Vor allem die Protagonisten sausen so flott durch die Geschichte, dass sie manchmal schemenhaft bleiben. Andererseits nimmt sich Arturo Pérez-Reverte immer die Muße, mit einer Detailliebe an der Grenze zur Pedanterie Lokalkolorit, Dekoration und Requisiten seiner Geschichte zu schildern - von Zigarettenetuis über Seidenschals und Perlenketten bis hin zur Garderobe seiner Figuren, die mit einer akribischen, sonst nur von Modezeitschriften bekannten Ausführlichkeit gewürdigt wird.

Doch für diese Asymmetrie entschädigt die Sprache, die sich durch dieselbe gefällige Eleganz auszeichnet, die auch der Eintänzer Max bei seiner Arbeit an den Tag legt. Das Buch liest sich - und das ist ein Kompliment in unseren komplizierten Zeiten - schnell und reibungslos, man gleitet gleichsam durch den Text, stößt nirgendwo an, muss keine sprachlichen Widerhaken oder syntaktische Fallgruben fürchten und nimmt es dann auch gerne hin, dass Pérez-Reverte stilistisch bisweilen an die Grenzen seiner Kunst stößt - etwa bei den Passagen garantiert jugendfreier Erotik. Bei einem Tango-Tänzchen in Buenos Aires zum Beispiel schwenken die Frauen "die Hüften wie in einem halbherzigen Fluchtversuch, während sie ein Bein außen und innen an den Schenkeln des Mannes entlanggleiten ließen. Extrem sinnlich."

Eine extrem sinnliche Sprache klingt anders und würde Arturo Pérez-Reverte auch gar nicht ins Konzept passen. Denn er will nicht nur als Sprachstilist, sondern auch als Erzähler so professionell sein wie der Salontänzer Max, virtuos zwar, doch in seinen Emotionen immer gezügelt. Und so wie dieser jeden Schritt, jede Drehung, jeden Rhythmuswechsel perfekt beherrscht, macht auch Pérez-Reverte so gut wie keine Fehler, erlaubt sich kaum eine Länge, hält den Erzählfaden immer fest in der Hand, verliert weder seine Leser noch sein Personal jemals aus dem Blick.

Selbst populäres Allgemeinwissen streut er in genau der richtigen Dosierung in den Text, weder schulmeisterlich enzyklopädisch noch versnobt verkürzt - etwa über Ursprung und Entwicklung des Tangos vom Tanz der Bordelle zum gesellschaftlichen Ereignis, über Strategien und Winkelzüge des Schachspiels oder über Francos faschistische Handlanger aus der Welt der Großfinanz.

Arturo Pérez-Reverte ist ein Perfektionist, kein Genie, ein Schriftsteller im Dienst der Leser, ein Mann, der sein Handwerk versteht.
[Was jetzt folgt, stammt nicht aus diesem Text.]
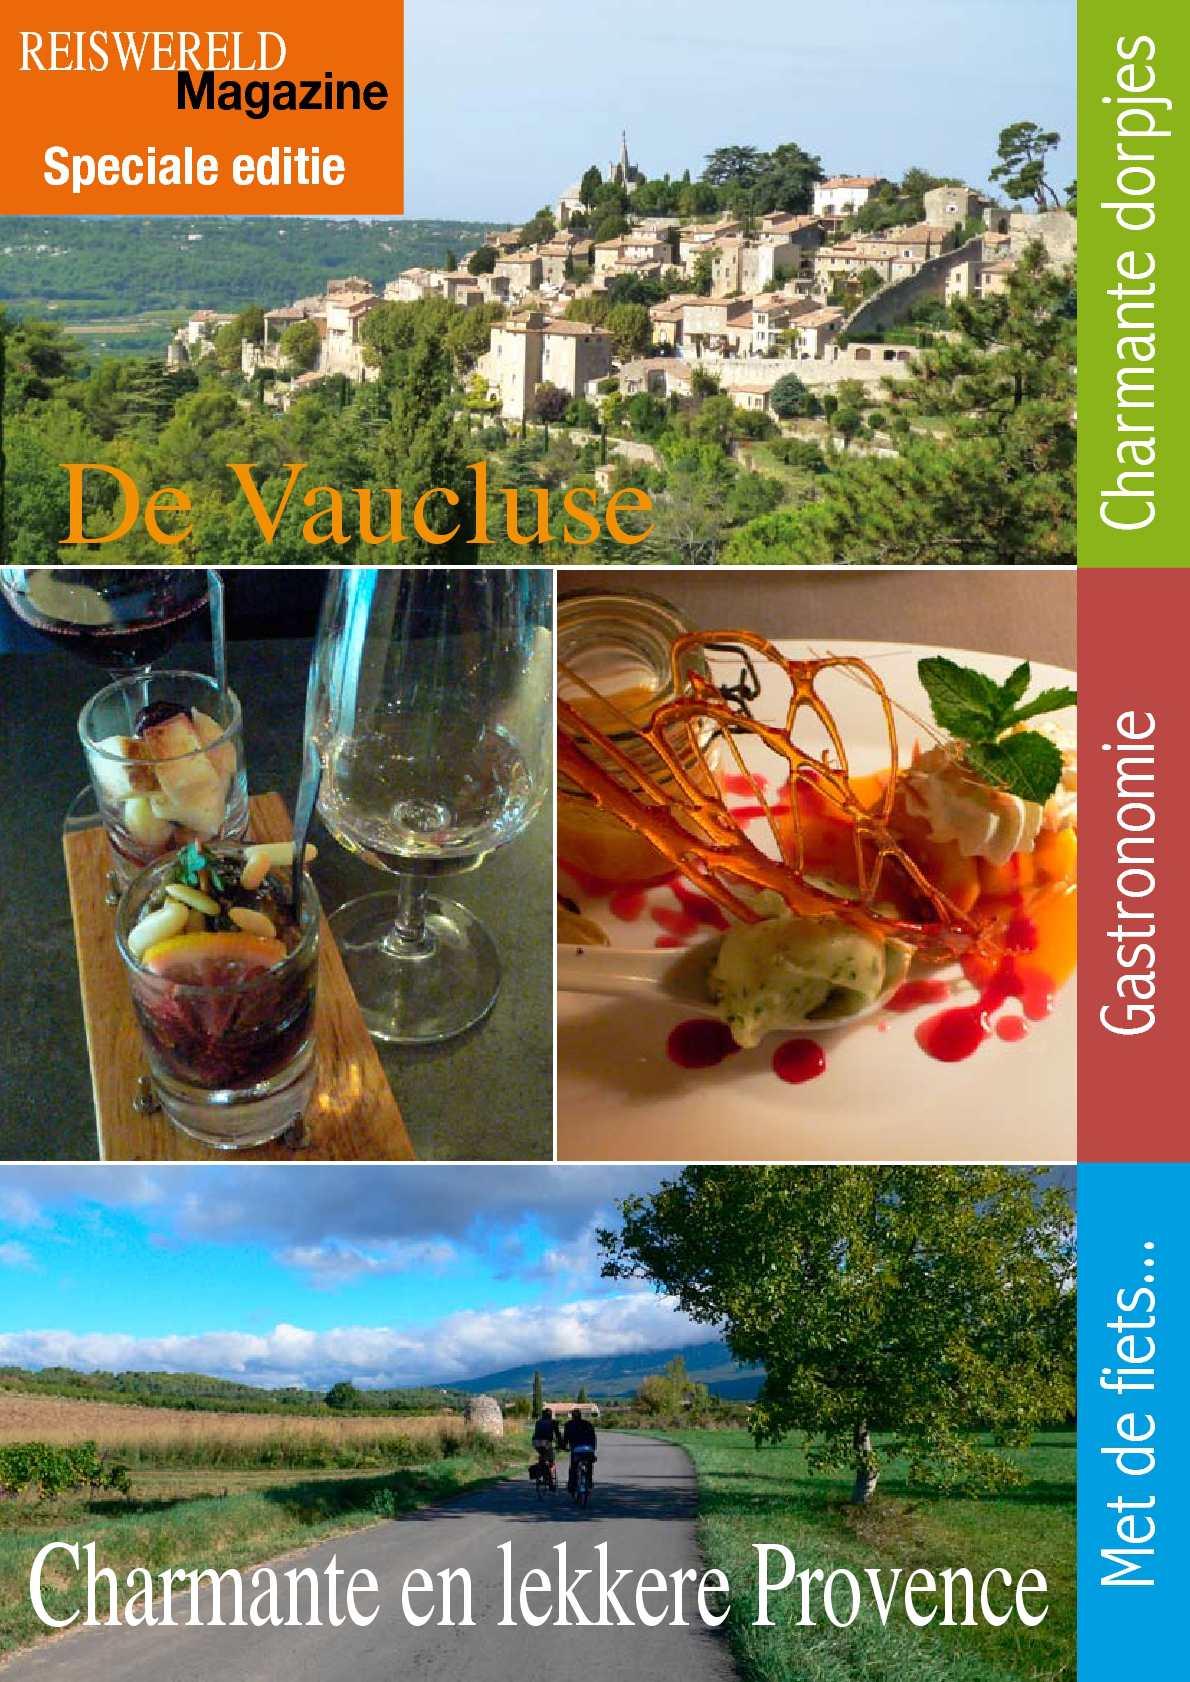 Reportage in de Vaucluse (Provence) van Reiswereld Magazine.be

Und so ist ihm mit diesem Buch Unterhaltungsliteratur im besten Sinn gelungen, bei der man sich selbst nach fünfhundert Seiten nicht erschöpft und ermüdet von so viel Liebes-Mantel-Degen-Geflatter fühlt, sondern gar nichts dagegen hätte, wenn es auch noch zu einer vierten Begegnung von Max und Mercedes käme.

JAKOB STROBEL Y SERRA

Arturo

Pérez-Reverte: "Dreimal im

Leben". Roman.

Insel Verlag, Berlin 2013. 525 S., geb., 22,95 [Euro].